## Excerpted data
Segment Open
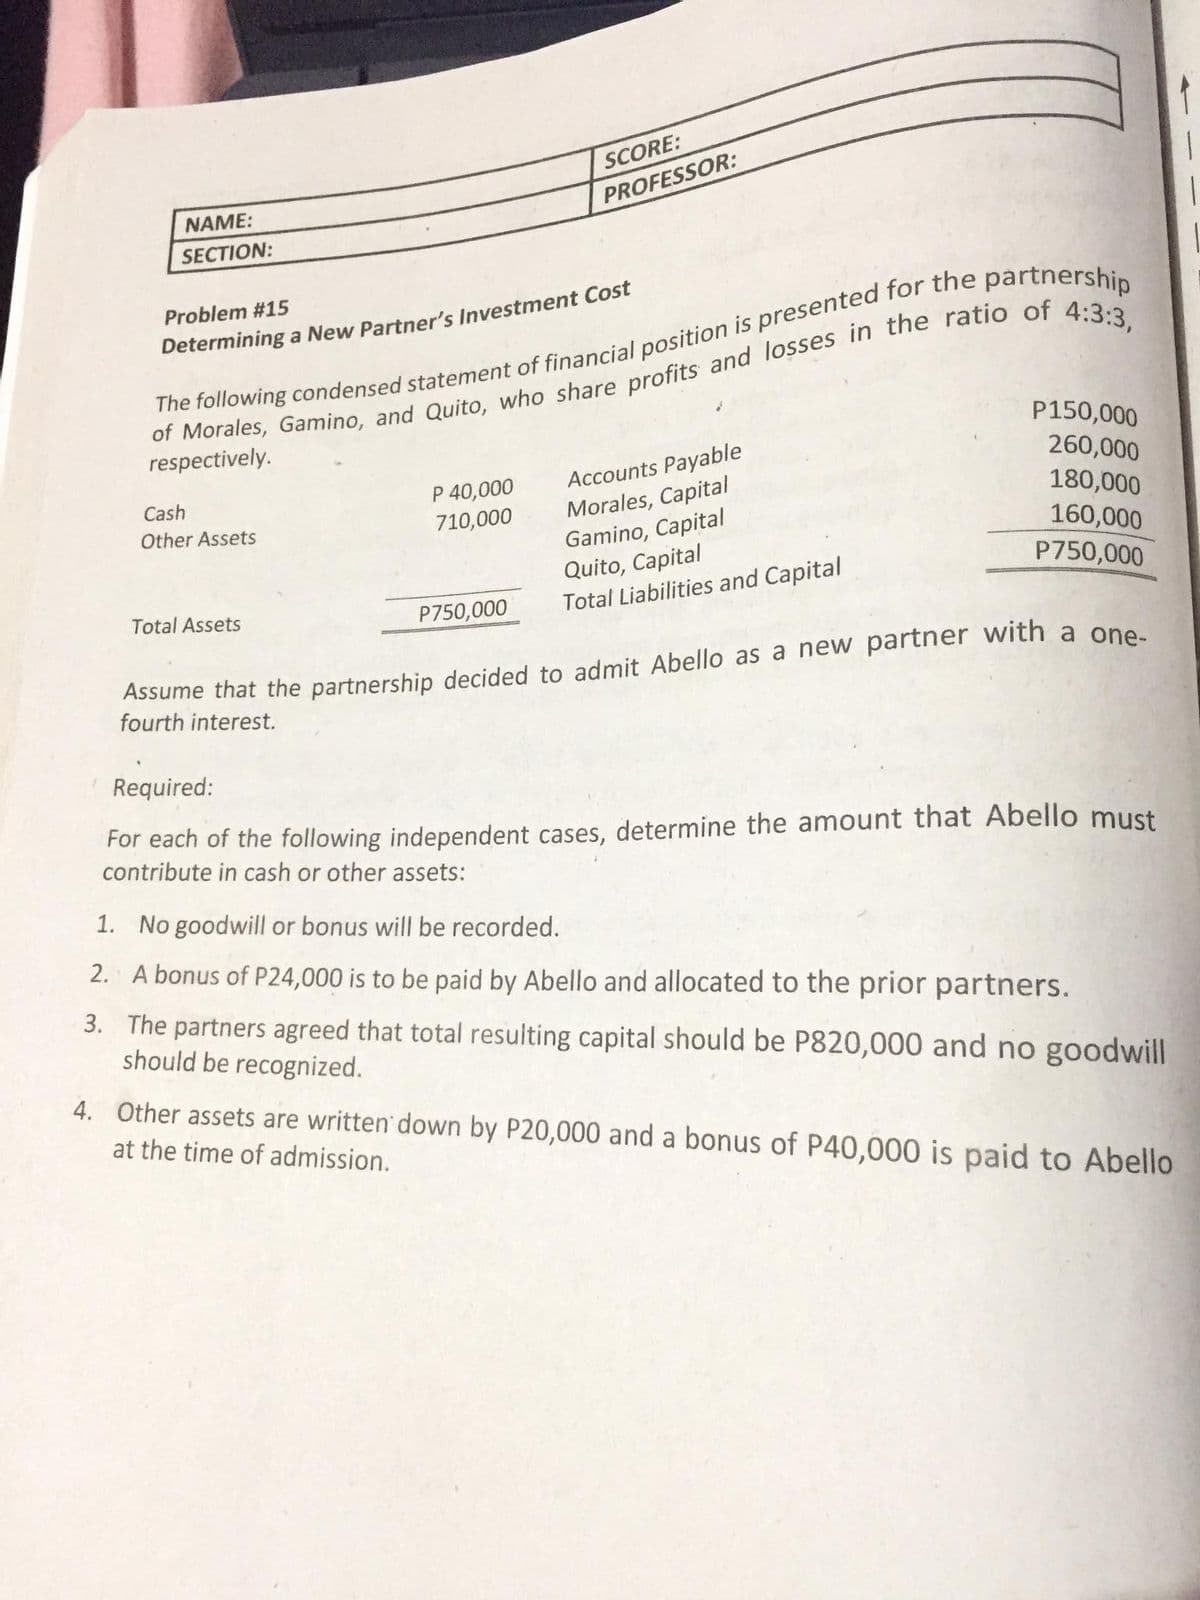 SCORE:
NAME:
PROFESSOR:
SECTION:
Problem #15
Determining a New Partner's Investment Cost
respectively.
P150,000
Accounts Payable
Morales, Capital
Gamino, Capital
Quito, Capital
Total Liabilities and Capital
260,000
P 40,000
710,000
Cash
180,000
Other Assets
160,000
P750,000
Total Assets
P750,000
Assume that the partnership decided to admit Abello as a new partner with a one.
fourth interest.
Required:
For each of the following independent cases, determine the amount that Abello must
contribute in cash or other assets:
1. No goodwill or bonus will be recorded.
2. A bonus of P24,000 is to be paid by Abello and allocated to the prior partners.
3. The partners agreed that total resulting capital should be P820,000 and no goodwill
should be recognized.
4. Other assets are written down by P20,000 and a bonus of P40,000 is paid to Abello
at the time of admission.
Segment Closed
Set down all of the entries exactly as they stand, without any image.

 SCORE:
NAME:
PROFESSOR:
SECTION:
Problem #15
Determining a New Partner's Investment Cost
respectively.
P150,000
Accounts Payable
Morales, Capital
Gamino, Capital
Quito, Capital
Total Liabilities and Capital
260,000
P 40,000
710,000
Cash
180,000
Other Assets
160,000
P750,000
Total Assets
P750,000
Assume that the partnership decided to admit Abello as a new partner with a one.
fourth interest.
Required:
For each of the following independent cases, determine the amount that Abello must
contribute in cash or other assets:
1. No goodwill or bonus will be recorded.
2. A bonus of P24,000 is to be paid by Abello and allocated to the prior partners.
3. The partners agreed that total resulting capital should be P820,000 and no goodwill
should be recognized.
4. Other assets are written down by P20,000 and a bonus of P40,000 is paid to Abello
at the time of admission.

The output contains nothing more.